My challenge when it comes to diagrams is that I need an electronic way to create and store my diagrams that anyone can read and modify, a way to interface those diagrams with the EE, who needs to run analysis on some of the odd designs. In R&D, we play in the outer limits of just about everything, working with extremely high and low currents and frequency, high vacuum, cryogenics, magnetic fields, radiation, blah, blah, blah, and I have to work with microelectronics, motor controls, basic and complex control circuits, and all sorts of off the shelf and homemade sensors, and these items can be in all the above environments. These designs need to be able to be pasted into reports, modified easily by those with a minimum of training, and analyzed. It strikes me as odd that there is no software for folks who need to do something other than power distribution and circuit boards. Trying to do wiring between boxes just doesn't seem to exist, which boggles my mind.

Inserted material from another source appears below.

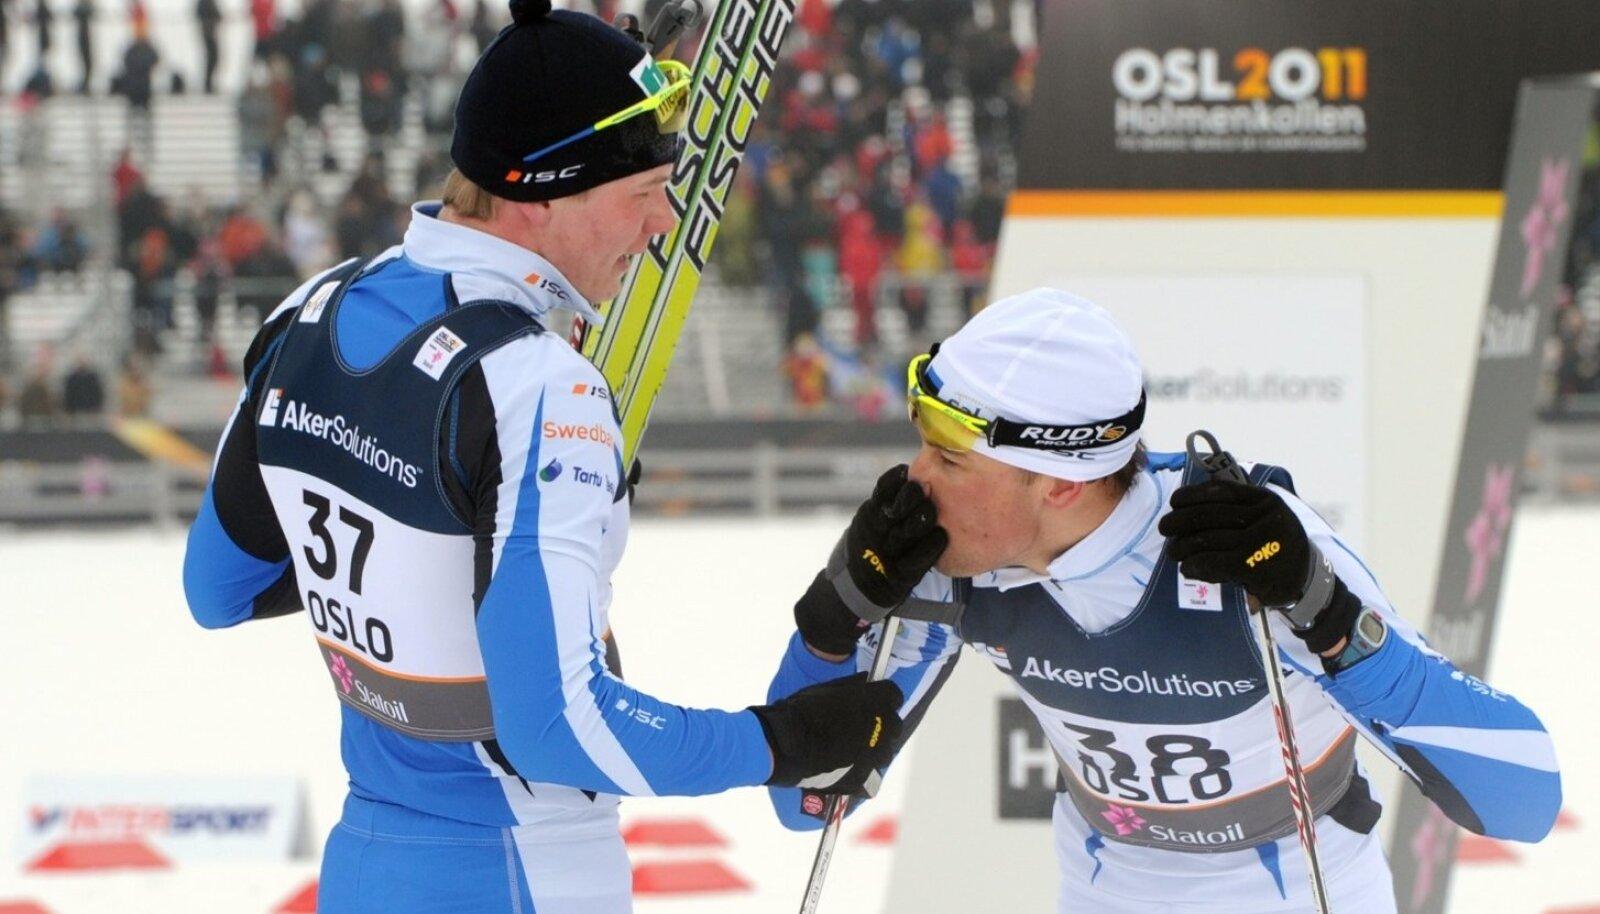 Suusatamise MM Oslos.Meeste 15 km. klassika
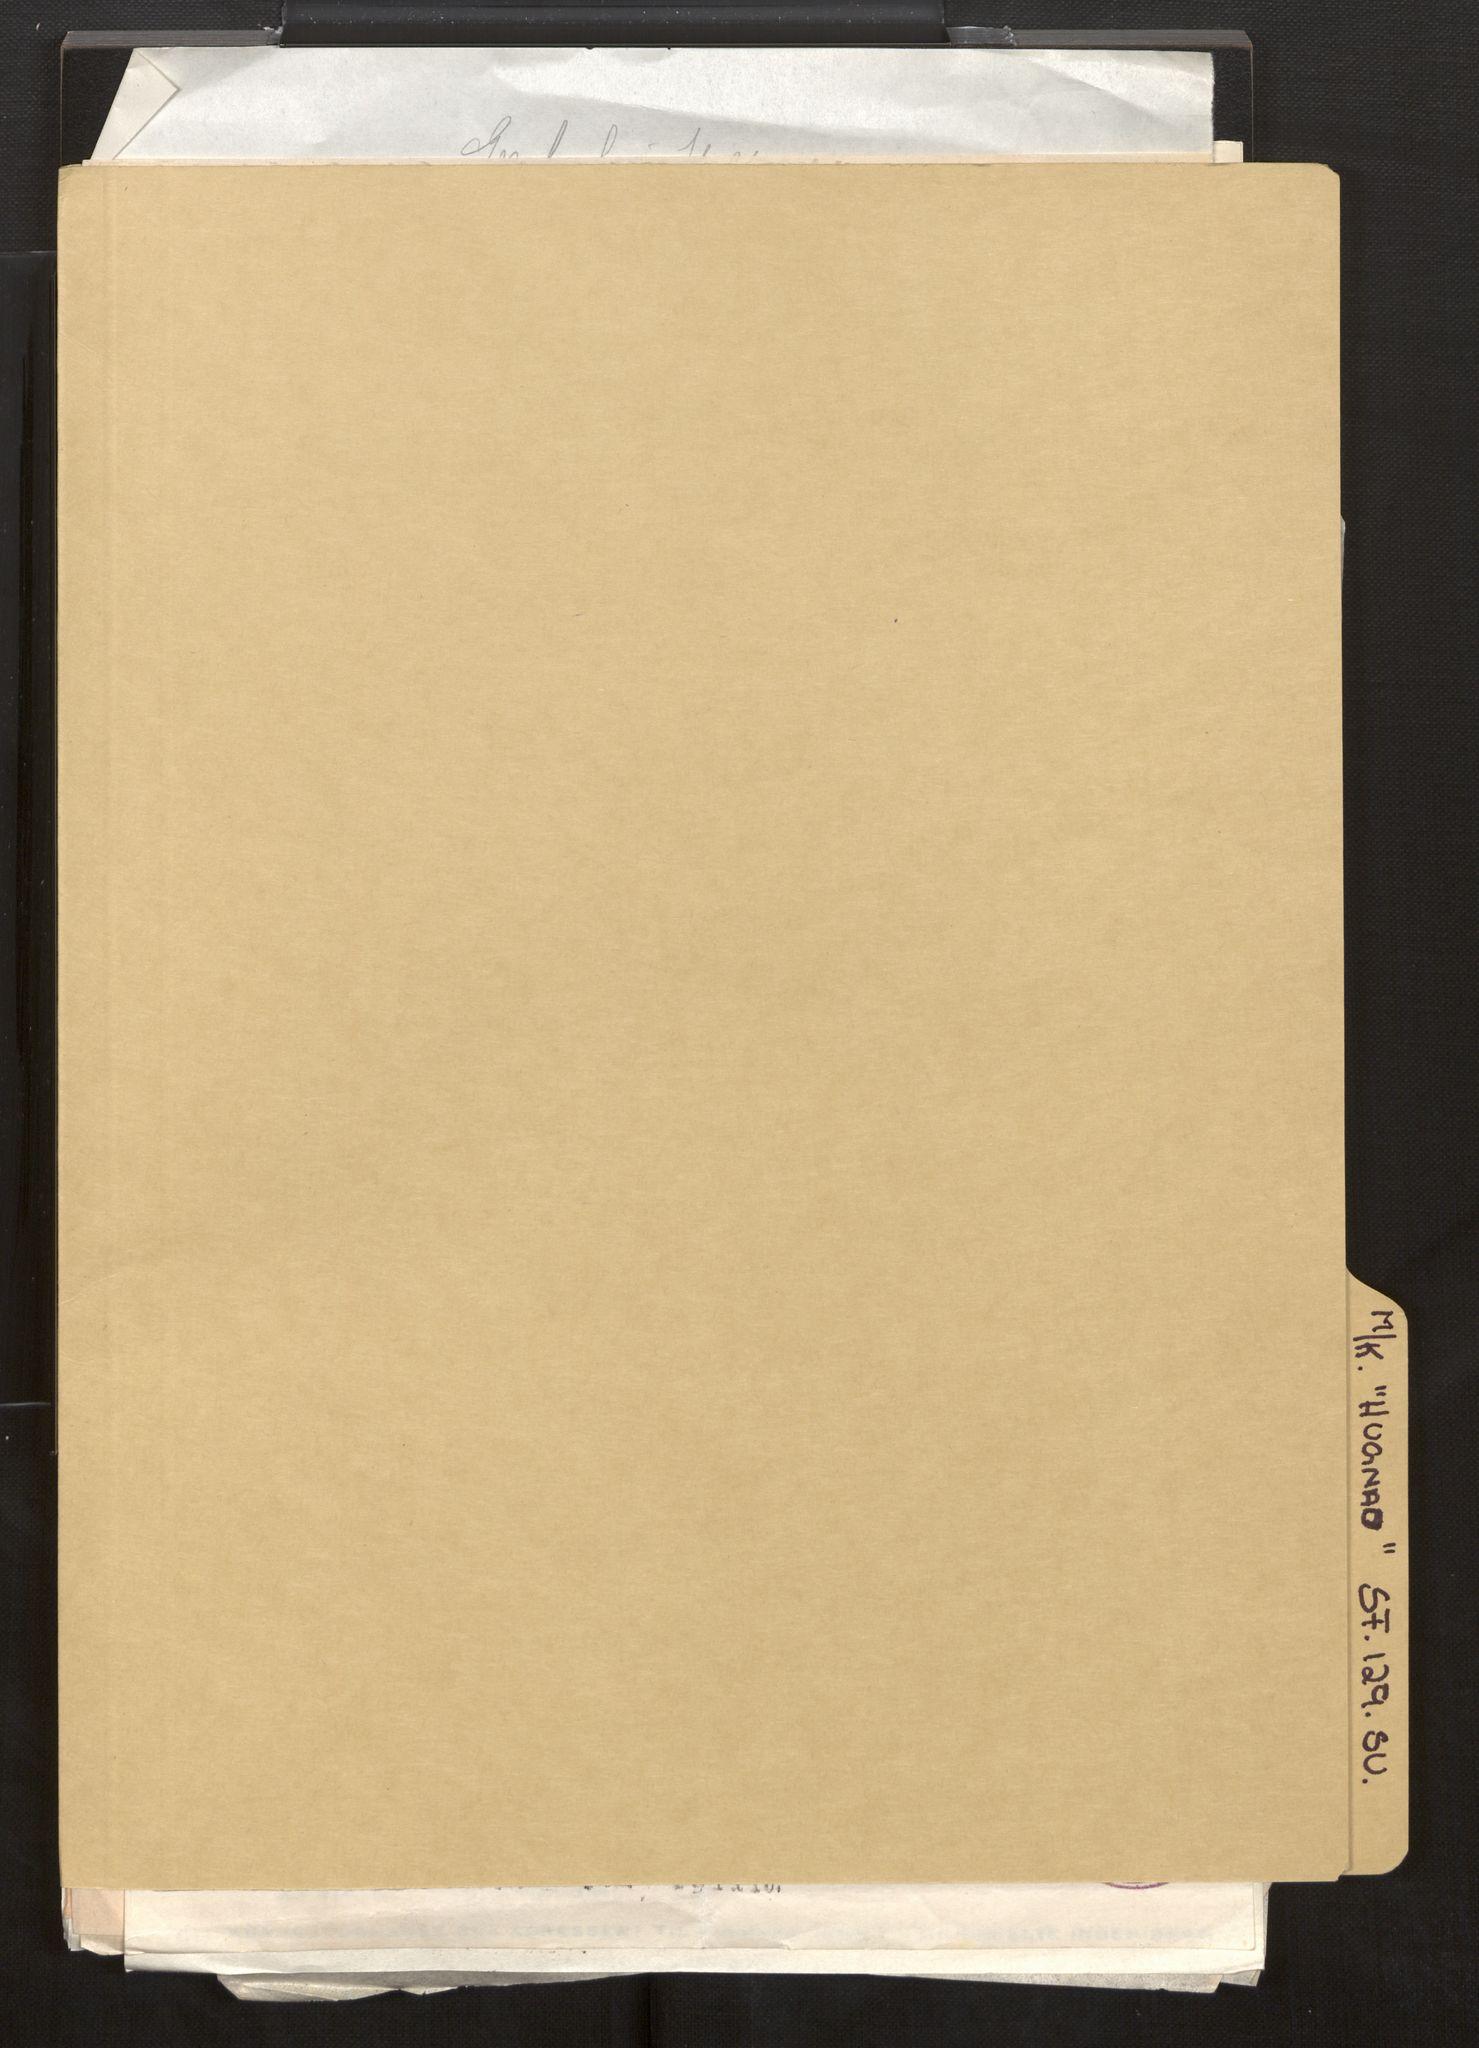 SAB, Fiskeridirektoratet - 1 Adm. ledelse - 13 Båtkontoret, La/L0042: Statens krigsforsikring for fiskeflåten, 1936-1971, p. 349

I need to go find out what software the commercial aircraft division of my employer uses for their wiring, as I know they have the same issues I do.

Reply to
Carl M

Many CAD packages enable one to capture graphics and schematics. I use AutoCAD simply because I'm familiar with it and can "sketch" or draw in ACAD faster than I can with a pencil -- and then share, maintain and archive my drawings electronically. Other than quick scribbles, I haven't made a drawing with a pencil for well over a decade. Every drawing I've made, and there are certainly hundreds and possibly thousands, is chronologically archived in folders on this computer and in a backup archive. If I know about when I made it and something about its purpose, I can find it in a couple of minutes. I use programs similar to those used by your EE for circuit simulations and circuitboards. I use ACAD when I just want a schematic (no simulation), and/or to make drawings of mechanical parts and devices. If I were an ME I would want something like SolidWorks. I'd like it anyway, but it's way beyond this pensioner's budget.

Many or most PWB (printed wiring board) programs make a netlist from a schematic. If you enter a wiring diagram as a schematic, you can get a netlist listing every "net" (set of things connected together) and the nodes (terminals on devices) that are connected to each other. It needn't be a single board, could easily be a panel or an entire machine.

Electrical verification of wiring is easily done with any of the various SPICE programs. They can "test" anything that can be represented with a schematic. If you could check the real thing with an ohmmeter or continuity tester, SPICE can certainly ohm out the schematic. They also enable easy schematic capture, and they are certainly not limited to circuit boards. They're of no use at all for physical drawings of panels, wiring harnesses, etc, though. The CAD packages do that, with a wide variety of capability, ease of learning, ease of use and price.

Reply to
Don Foreman

Oh, there certainly are programs if you can pry loose the funding.

Viewlogic will break up a design into a hierarchy with each module's schematic appearing as a connected block at the next higher level. I could design a Xilinx FPGA and simulate its schematic while also placing it on the board as a component, the board was a block on the backplane schematic, and the backplane was a block on the master schematic. Each board level schematic was exported to PADS for the board artworks. The interconnect cabling could come from the master schematic if everyone was careful to put all I/O on each block. There is enough drafting capability that I could create an isometric view as the symbol for strange experimental devices with unlabelled terminals.

It helped significantly that I ran both the CAD room and the electronics lab and could make sure everything worked together.

I think both packages will output PDFs that can be pasted into Word.

Jim Wilkins

Reply to
Jim Wilkins

My computer is littered with a number of lousy software, and I think I may have found something that might do the job. Has anyone used Designworks by Capilano? I've spent a few moments working on a diagram I currently have in pencil, and so far it seems to be doing the job. Any other experience out there?